Nvidia should do it since G80 (the interpolation is done in the SFU, the whitepaper saying "Plane equation unit generates plane equation fp32 coefficients to represent all triangle attributes". Intel always did (since gen4, i965) interpolation in the shader (with the help of a PLN instruction), however they only switched to barycentric with Gen6 (Sandy Bridge).DX9 hardware (including last gen consoles) already supported centroid interpolation. You could actually become interpolation (fixed function hardware) bound if you had too many interpolants (or used VPOS).

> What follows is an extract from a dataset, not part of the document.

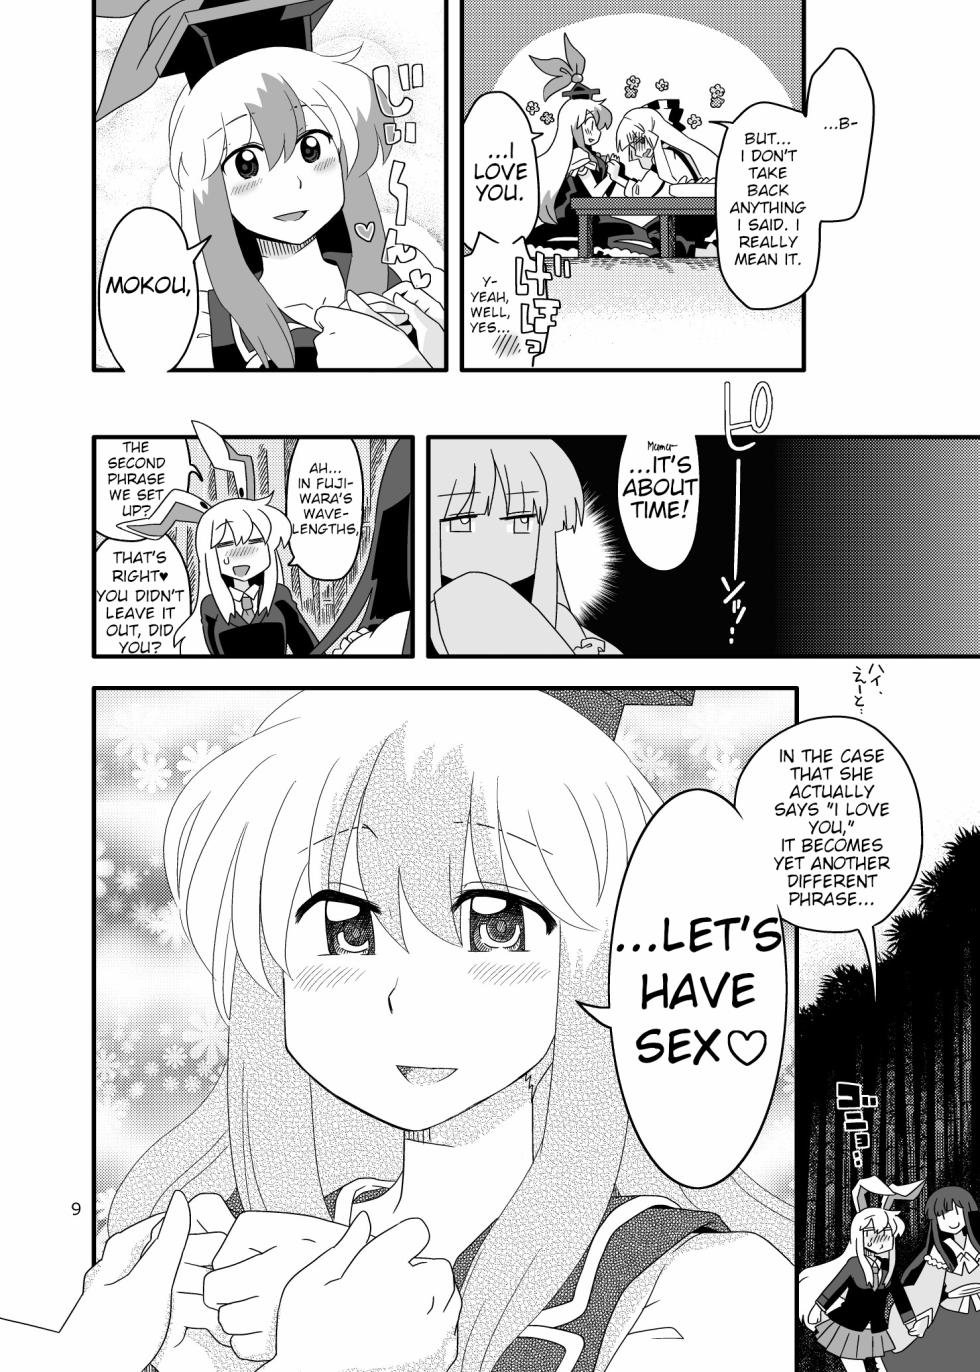 [RUMP (Bon)] Red History to Green Spice 4 (Touhou Project) [English] - Page 8

If all the modern PC/mobile GPUs do the interpolation in the pixel shader using barycentrics (like GCN does), it would mean that cross vendor SV_Barycentric pixel shader input semantic would be possible. This would be awesome, as it would allow analytical AA among other goodies on PC (assuming DX12 and/or Vulkan support it).
Mobile could be different though. From the freedreno sources, it seems adreno (since 300 series) also does some kind of barycentric interpolation, but from a quick glance the barycentric coordinates may not be available as ordinary registers (the driver issues OPC_BARY_F instructions). Not sure though it was a very quick glance, and no idea about others...
I don't have any idea. Intel doesn't publish throughput numbers for the extended math functions ever since these were no longer a true external shared unit (the dreaded MathBox), so not since Sandy Bridge. The last numbers thus are for Ironlake - the docs are saying throughput 3 rounds per element for quotient, 4 for remainder. Note this is for a _scalar_ element, so dead slow (at least i965 only had one MathBox for the whole gpu, IIRC a very frequent bottleneck). For comparison, sqrt was also quoted to need 3 rounds per element, and things like sin/cos, pow being much slower still. (The docs are actually saying one round has 22 clock cycle latency, I don't know if I should believe what I think this really means, as it would be really awful...) In any case it's probably best not to extrapolate anything from these values to more modern chips, wouldn't be surprising imho if some operations now have less or more throughput compared to others.Not surprising that Intel is leading the pack. Do you know how fast their integer divider is (2 bits per cycle? = 16 cycles total?). That would be 3x+ faster than emulation. Still, I wouldn't use integer divides unless there's a very good reason.